Bu başarı, araştırmacıların çağdaş “süperbilgisayarlardan” tam anlamıyla faydalanmak üzere tasarladığı yeni bir sanal canlandırma kodu olan SWIFT sayesinde mümkün olmuş. Bunlar esasında birbirine bağlanan çok sayıdaki normal bilgisayardan oluşuyor. Dolayısıyla yapılacak hesaplamalar süperbilgisayarın bütün parçalarına bölüştürülerek, büyük bir canlandırma hızlıca yürütülebiliyor.

SWIFT, canlandırmadaki her bilgisayar görevinin ne kadar süreceğini tahmin ederek, en yüksek verimi elde etmek için yapılacak işi dikkatli şekilde paylaştırmaya çalışıyor. Tıpkı yeni ve büyük bir teleskop gibi, 1.000 kat daha yüksek çözünürlük sağlayan bu sıçramayla birlikte daha önce görülmeyen detaylar ortaya çıkıyor.

Uranüs’ün Merkezindeki Basınçlar, Laboratuvarda İlk Defa Oluşturuldu

Ötegezegenler ve ötesi

Uranüs’ün özel tarihiyle ilgili daha fazla şey öğrenmenin yanında bir diğer önemli motivasyon da, gezegen oluşumunun daha genel biçimde anlaşılması. Bilim insanları, son yıllarda en yaygın ötegezegen tipinin (Güneş’imizin dışındaki yıldızların etrafında dönen gezegenler), Uranüs ve Neptün’e epey benzer olduğunu keşfetmiş. Bu yüzden kendi buz devlerimizin muhtemel evrimleri hakkında öğrendiğimiz her şey, onların uzaktaki kuzenlerini ve yaşam barındırabilecek gezegenlerin evrimini daha iyi anlamamızı sağlayacak.

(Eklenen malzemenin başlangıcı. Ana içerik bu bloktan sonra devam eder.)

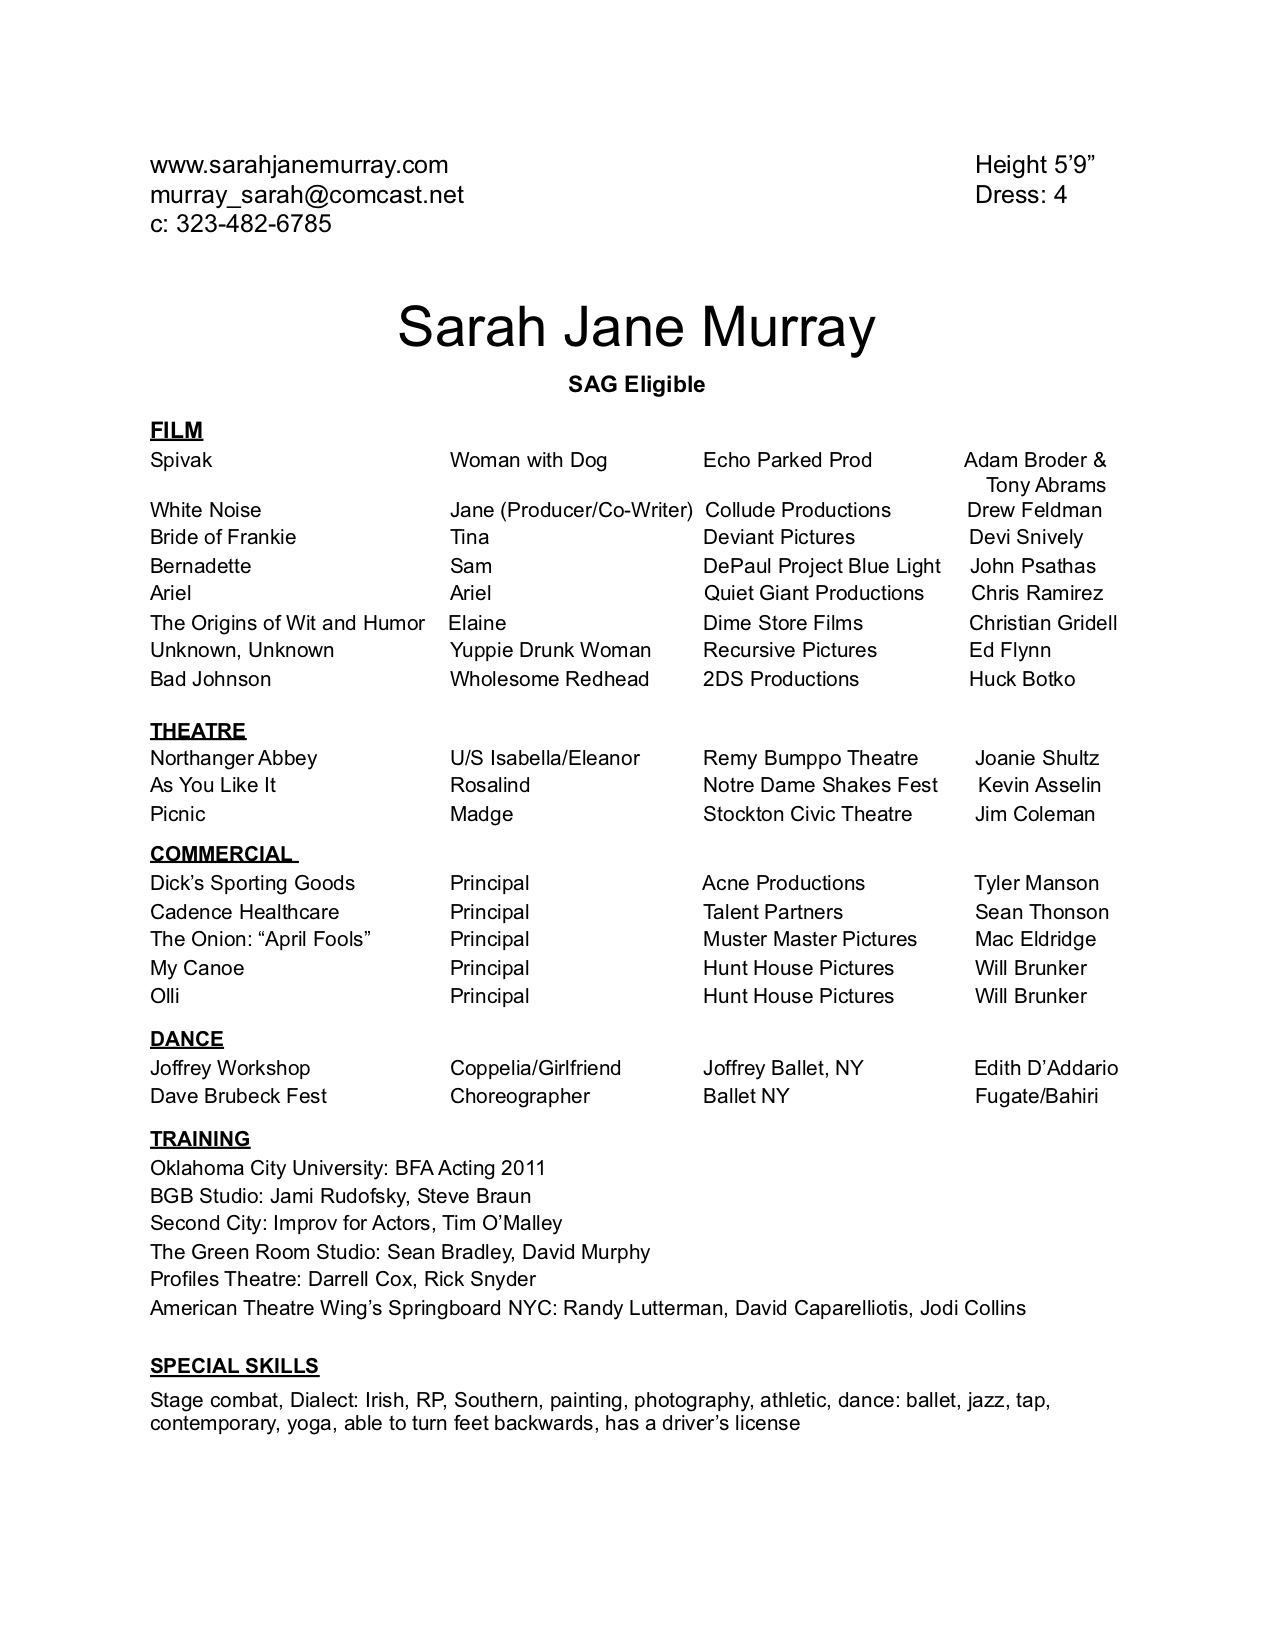 SARAH JANE Resume.jpg

Voyager 2’nin gözünden Uranüs. Fotoğraf: NASA/JPL-Caltech

Bilim insanlarının üzerinde çalıştığı ve Dünya dışı yaşam sorusuyla çok alakalı olan bir diğer heyecan verici detay da, bir atmosferin dev bir çarpışmadan sonraki kaderi. Araştırmacıların yüksek çözünürlüklü canlandırmaları, atmosferin ilk çarpışmadan kurtulmayı başaran bölümünün, gezegende daha sonradan meydana gelen şiddetli genişleme olaylarıyla yok olabileceğini ortaya seriyor. Atmosferin olmaması, bir gezegenin yaşama ev sahipliği yapma ihtimalini büyük ölçüde düşürüyor. Fakat bu devasa enerji girdisi ve eklenen maddeler, yaşam için faydalı kimyasalların oluşmasına katkı sağlayabilir. Çarpan cismin çekirdeğinden gelen kayaç maddeler, dış atmosfere de karışabilir. Bir ötegezegenin atmosferinde söz konusu cisimleri gözlemliyorsak, benzer çarpışmaların işaretleri olabilecek belli iz elementleri bulmaya çalışabiliriz.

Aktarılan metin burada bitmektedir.